MS Self-Pace 70-291 Book - IP Addressing Troubleshooting

JLLJLL Inactive Imported Users Posts: 74 ■■□□□□□□□□
I am currently working the Case Scenario Exercise on page 2-51 of the Microsoft Self-Pace 70-291 Book and would like to know if there is some sort of methodical approach in troubleshooting IP Addressing issues. I have a pretty good handle on IP Addressing, but when a diagram is presented that has all the computers, hubs, router(s) along with their current IP configuration, then asked to identify the configuration error, it's a handful.

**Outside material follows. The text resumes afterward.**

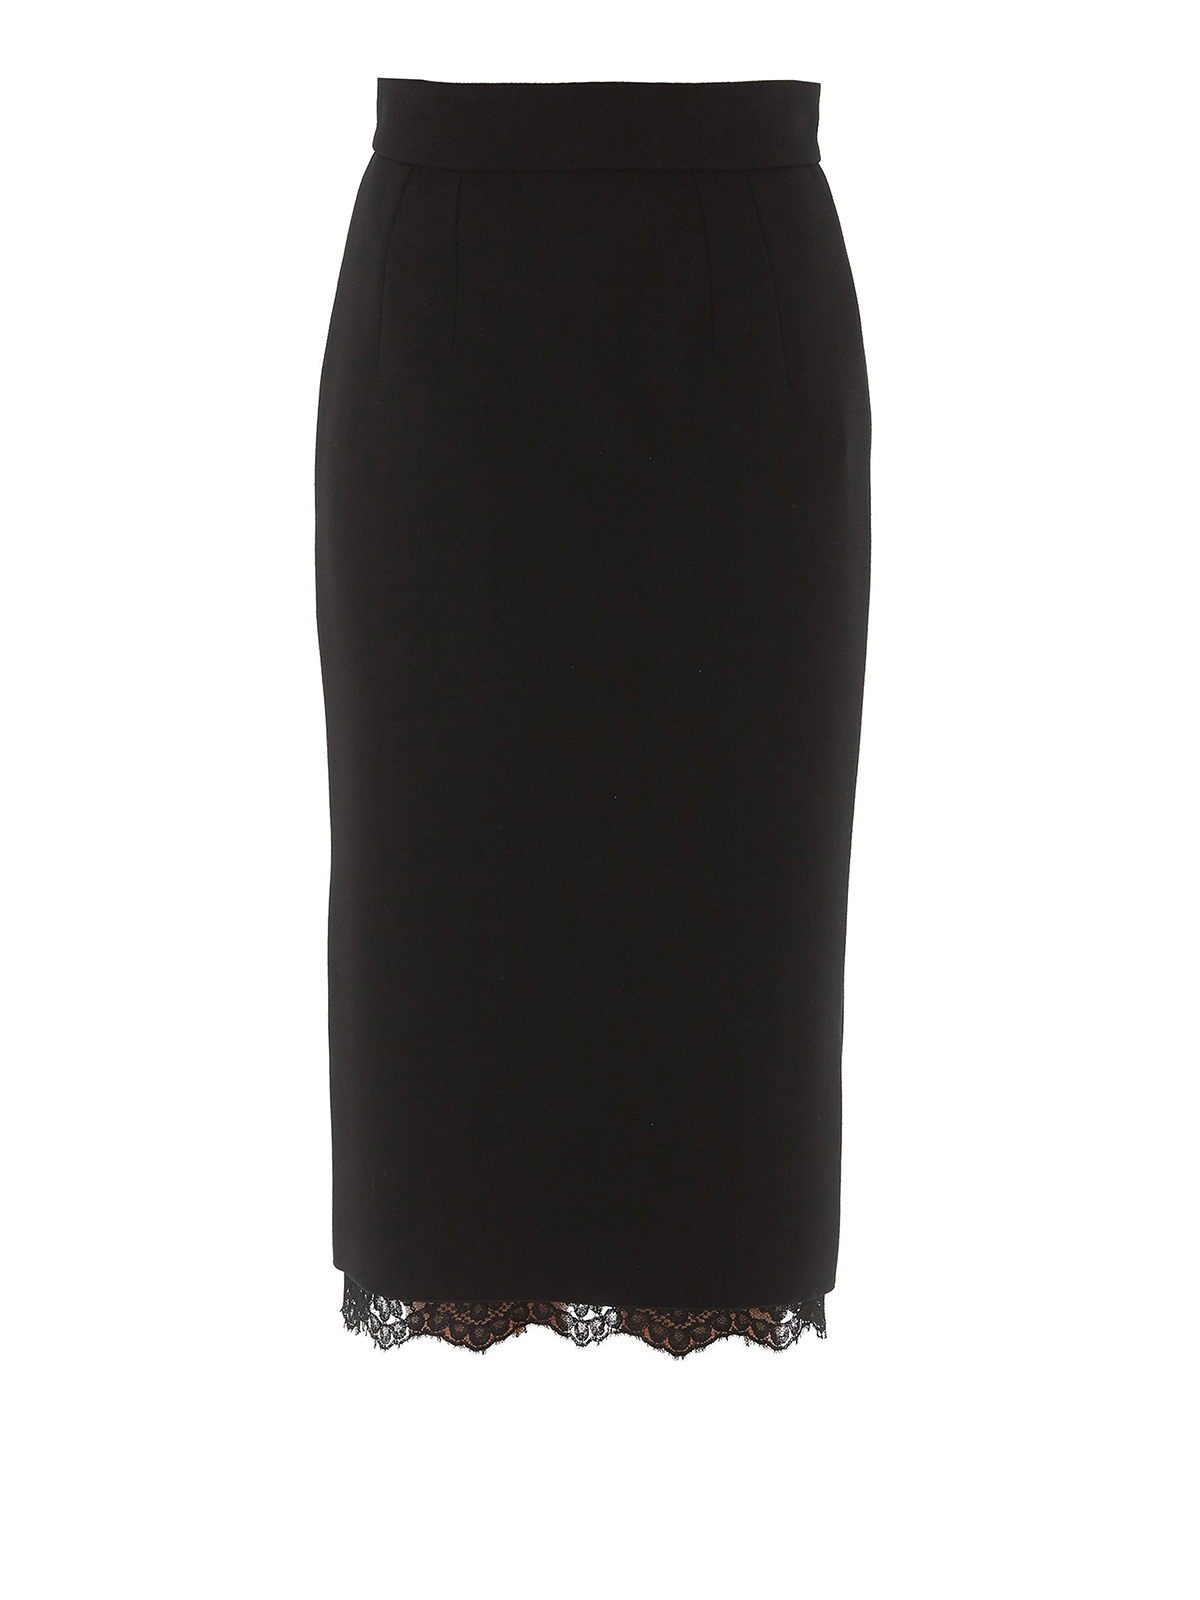 Dolce & Gabbana Lace Trimmed Black Pencil Skirt

Any help is greatly appreciated.

Thanks in advance.

JLuna

Comments

  • blaggerblagger Member Posts: 14 ■□□□□□□□□□
    Have a closer look at client C on the lower side of the router. It's only a subtle error, but check the ip setting for the default gateway. Let me know what you see!

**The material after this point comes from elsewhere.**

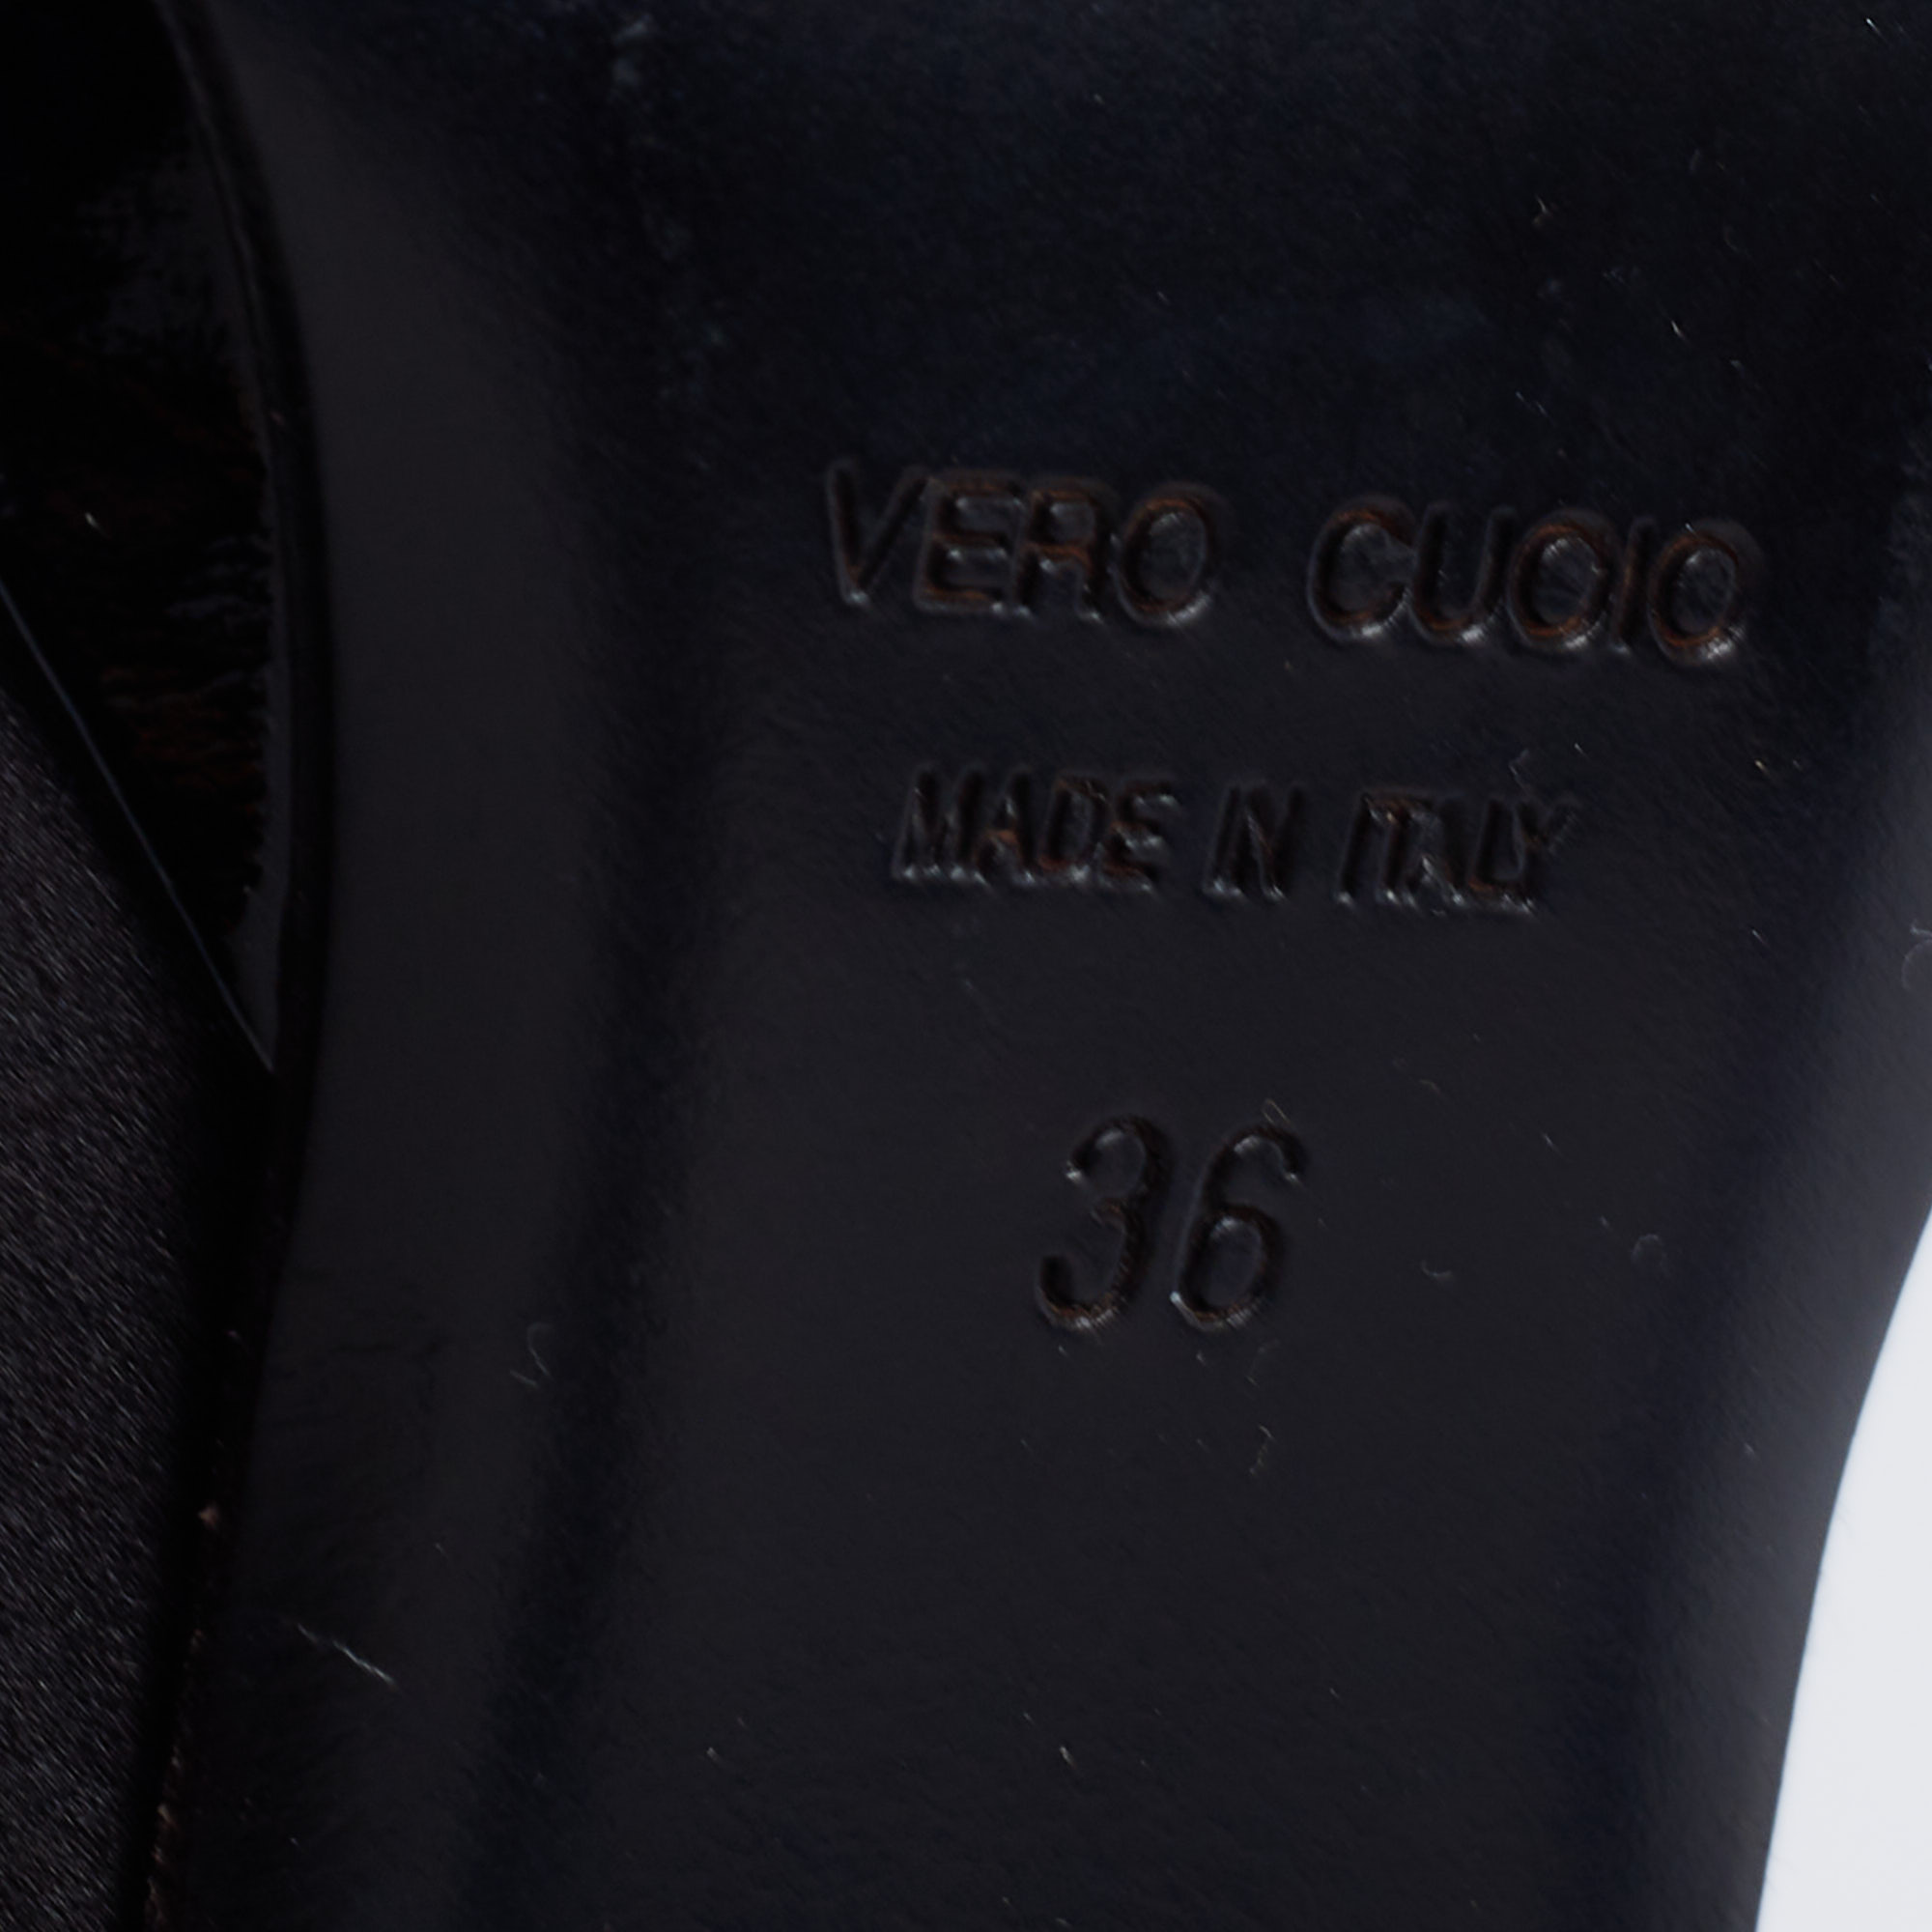 Roberto Cavalli Black Satin Ankle Strap Sandals Size 36

    You have to remember that a router pretty much segregates a network into separate broadcast zones, so the clients on one section of the router will acces it via one default gateway address, and the clients on the other side will access it via a different address.
  • JLLJLL Inactive Imported Users Posts: 74 ■■□□□□□□□□
    Hey Blagger,

    That scenario is pretty easy to figure out. The gateway address is not pointing to the correct interface on the router. I think number 2 and 3 are more interesting.

    Thanks!

    JLuna
  • blaggerblagger Member Posts: 14 ■□□□□□□□□□
    Yep, fair play to MS, this chapter is very vague.

    The second case scenario is just b****ks in my opinion, but the third one is soluble.

    Just use the equation to determine if the two addresses are on the same subnet. You've got 131.107.127.1 and 131.107.128.1 on a /21 network. the /21 becomes 255.255.248.0.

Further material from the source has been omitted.